Monday, July 28, 2008
The gist of the situation is that the PR rep for this group emailed a blogger who posted a version of a Cook's Kitchen potato salad she'd made. She changed several ingredients (four, actually) but credited Cook's Kitchen as the original source or inspiration. The PR woman (again, my opinion, although I am far from alone) was pretty snippy about the whole thing. We don't allow our recipes to be modified. They are tested up to a hundred times and they work. I read, "Your modifications to our recipes can't possibly improve them; they are the pinnacle of recipe perfection." Well, sorry, but they're not.
Melissa herself makes this point: they don't allow it. I would assert that once you publish a recipe, you're putting it out there for all to take a whack at. Granted, they can't republish your instructions word for word, but they sure can make your recipe and say, "Not bad, but you know, it needed more cumin. And maybe some ground coriander. And I bet if I added a little Old Bay seasoning it would make it interesting..." and they're off.
Recipes are a creative process. Part of the joy in food blogging is seeing what other people have done with a recipe. I myself had my eyes opened by food blogs in which people read magazines--magazines that I myself receive--and saw things I never saw in them. People taking what had been side dishes, or accompaniments, or even garnishes, and turning them into something amazing. And they credit those sources by saying "adapted from" or "based on the recipe in" and I myself see nothing wrong with this. Good lord, if it weren't for this kind of tinkering, we'd all still be cooking from Apicius or Escoffier. Or burning up slabs of dead buffalo in campfires.

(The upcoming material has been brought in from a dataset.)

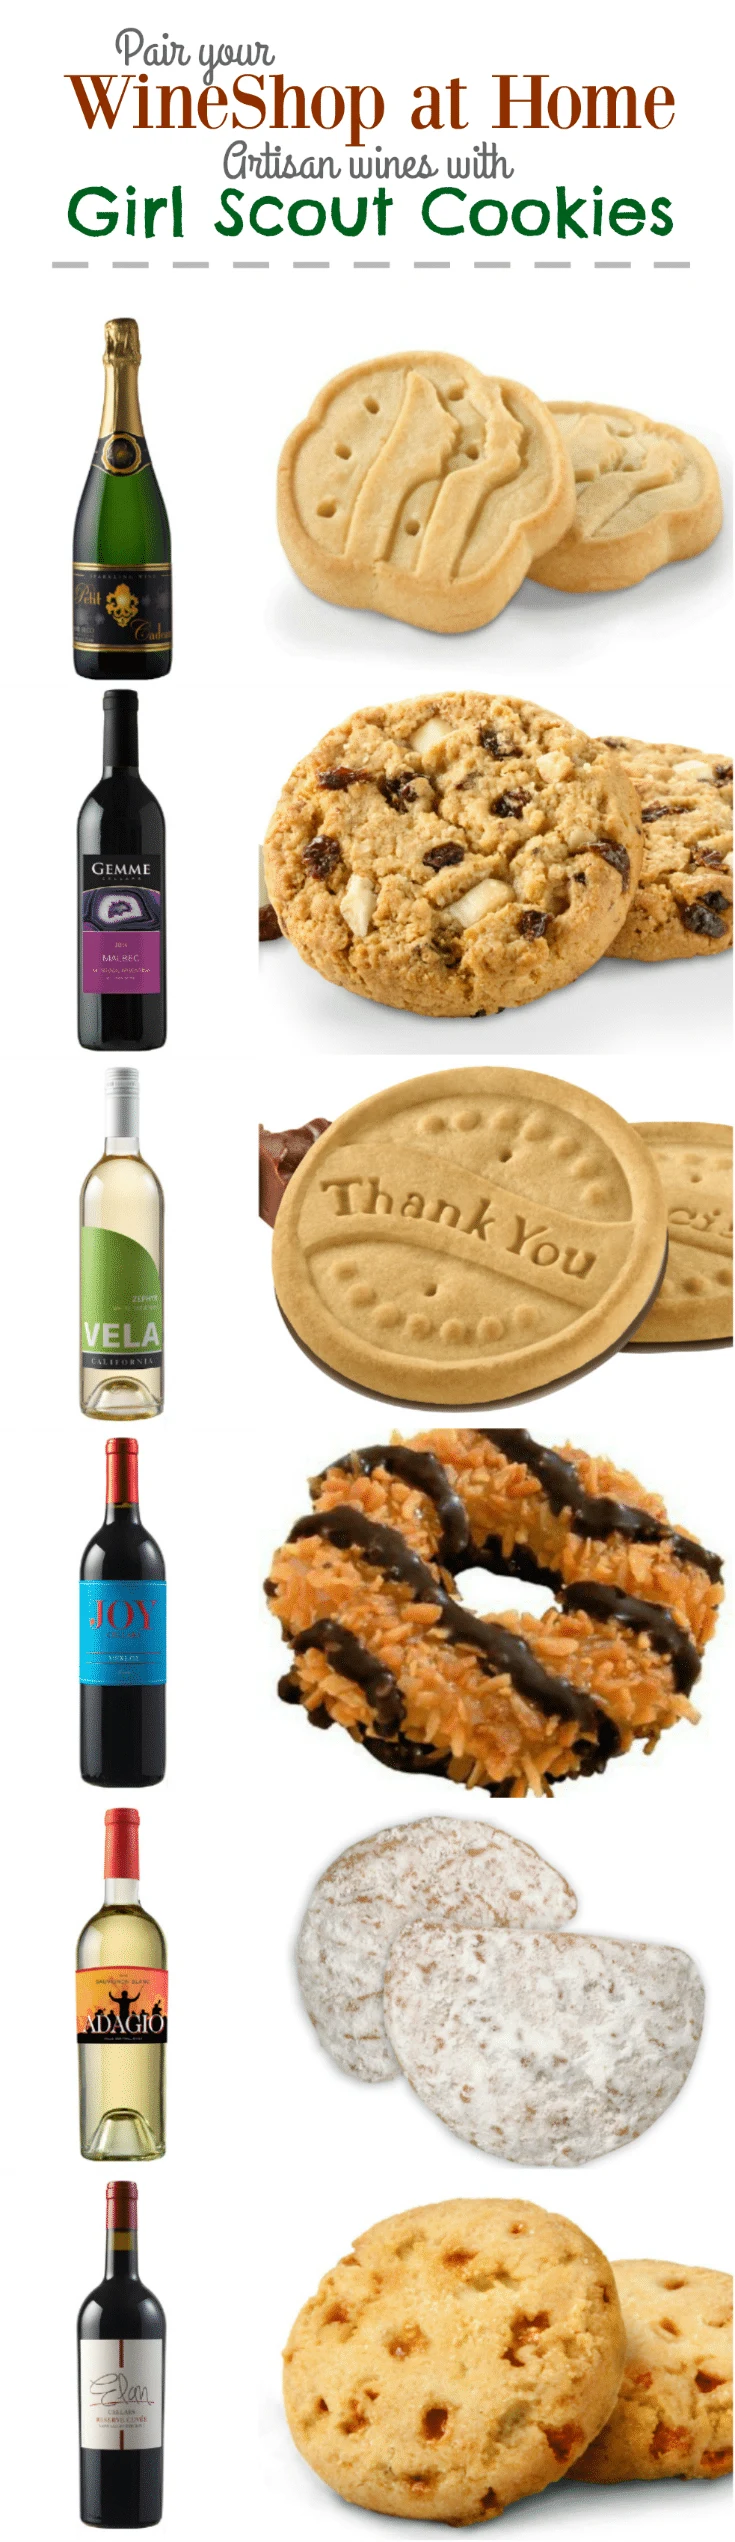 WineShop at Home and Girl Scout Cookies

Food is subjective. What tastes good to me may not taste good to you. The same goes for music, books, art, you name it. Melissa also publishes an excerpt from a Washington Post article from 2003 quoting Christopher Kimball (surely one of the ten silliest asses in America today, at least as he's characterized in this article) saying that changing one of their (ATC's that is) recipes is like saying you're going to play a Bach sonata but change the key. Surprise, Mr. Kimball, people do things like that all the time. Wander through a museum and watch a painter reproducing a great work on his or her own canvas. Read a book that's a pastiche of another work. Hell, watch The Lion King and ask yourself: who did it better? Shakespeare or Disney? You'll notice that The Lion King bears a striking resemblance to Hamlet (dead father, innocent son, evil uncle; they did miss out on the relationship between Hamlet's mother and his uncle--hey, this is a family movie, people).

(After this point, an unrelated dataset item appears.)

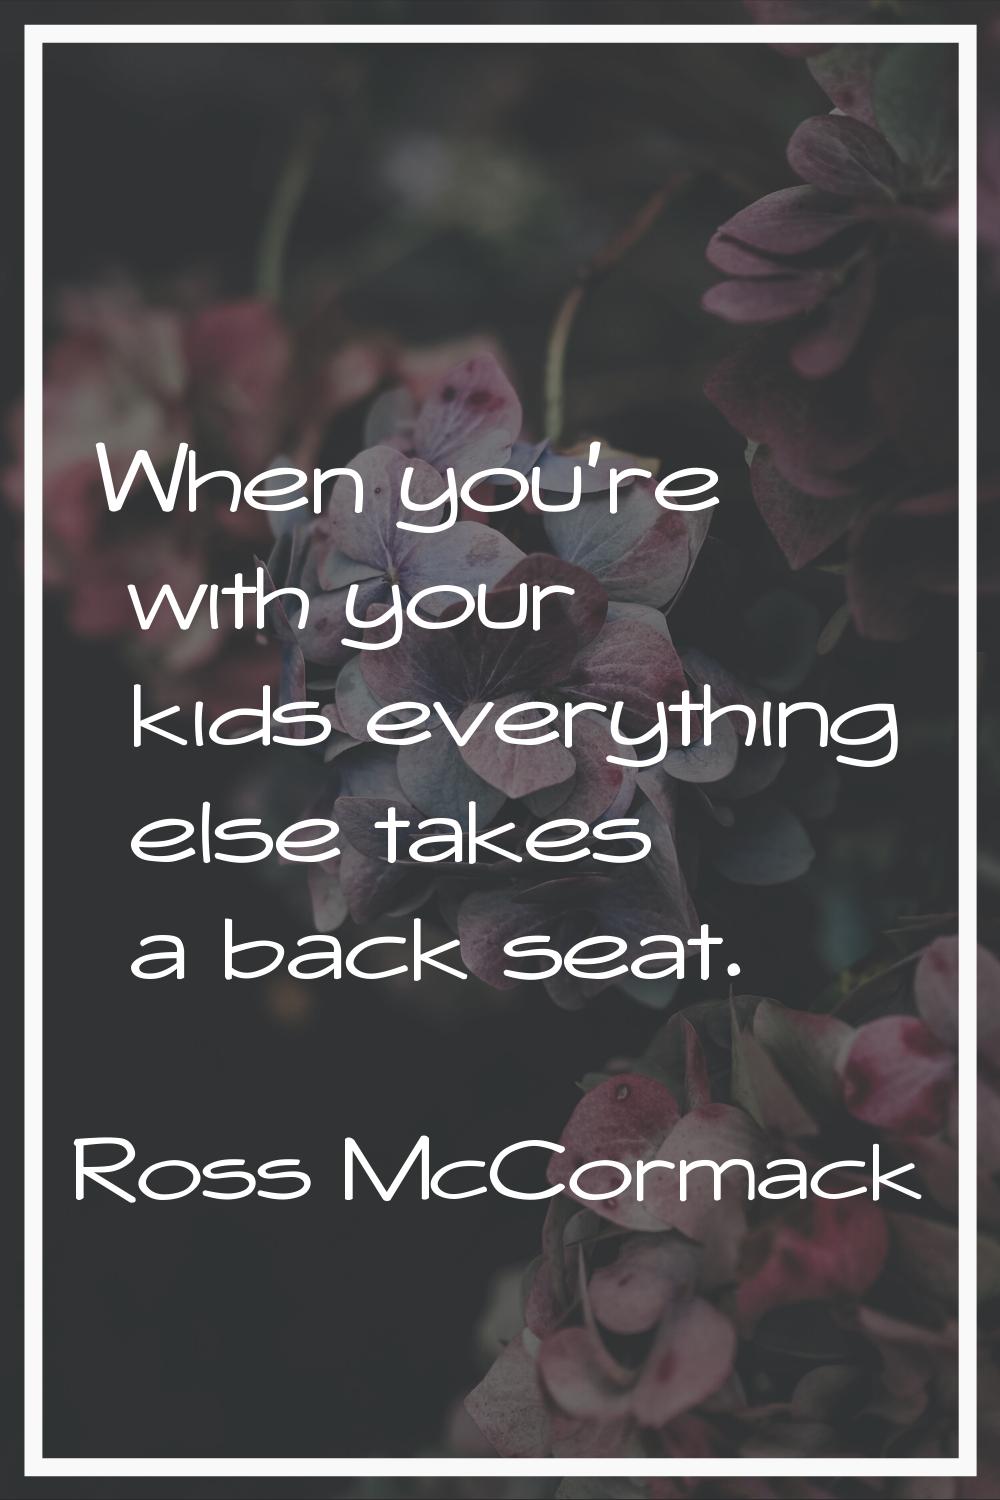 When you're with your kids everything else takes a back seat.

And so, like so many other bloggers I say, back off, America's Test Kitchens. You didn't invent food. You didn't invent cooking. And in many cases, you didn't even take it to the heights of perfection that you so clearly think you did. I've made several recipes from your cookbook (the one that I own and now wish I could return; too late, I wrote in it a few years back...making notes on how to IMPROVE THE RECIPE, I might add!!) and then made other versions that I thought were better.
America's Test Kitchens is not God's gift to the culinary world. They need to stop acting as though they are.

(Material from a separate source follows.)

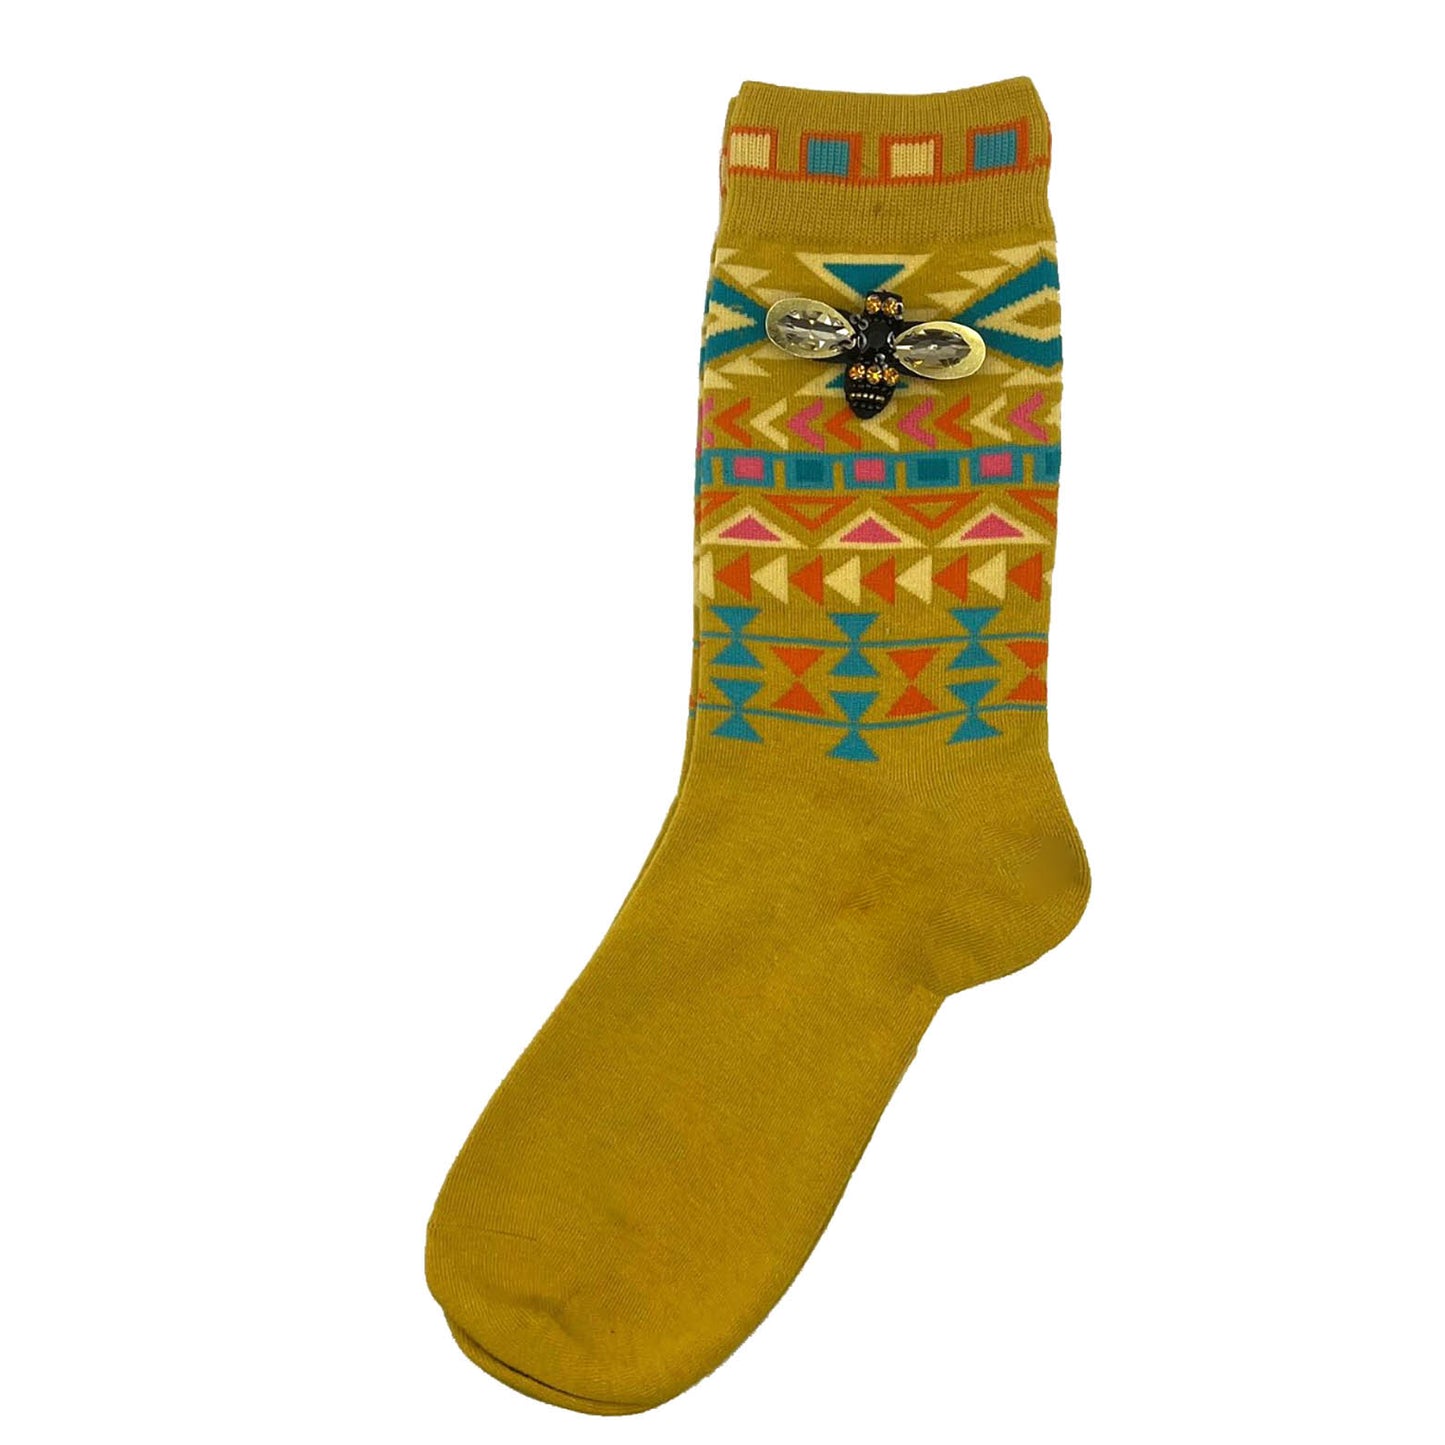 Oregon socks with or without a pin

And as my own small contribution to the nose-thumbing in the direction of ATC that's taking place all over the food blogging community, here's a link to my Chocolate Chip Scone recipe in which I reproduce the directions for the process word for word. If they demand that I do so, I will reword the instructions, but otherwise it stands as it is. Take that, ATC!
Tuesday, July 22, 2008
However, this is not a rant about the evils of sippy cups, but more a discussion of the challenges of cooking with so many children so young. It’s very hard to get a large block of uninterrupted time to do anything. I was eyeing a chocolate cream pie with caramel whipped cream last week, and after reading the recipe through about three times, I realized I was either stupid or crazy (possibly both, of course). Did I really think I was going to have time to make a boiled custard, to say nothing of a chocolate pate sucree? Madness.
So what I need are recipes that can be done in stages, in which the components can be prepped, then left to sit before anything is done with them. Or they can sit around for a little while after something is done with them, and they won’t deteriorate. I found just such a recipe this weekend, and it’s elegant and yummy too.
The June issue of Martha Stewart Living had an article on potato salads with oomph. These were more than just your basic potatoes + mayonnaise + aromatics. These were actual meals. I had noticed a bag of Russian banana fingerlings in my grocery store two weeks ago, and when this salad, which uses them, caught my eye, it seemed like fate. Fate brings me to a lot of recipes (such as this one, and this one). Usually they’ve been pretty good in the past, so I trust this Fate fellow these days.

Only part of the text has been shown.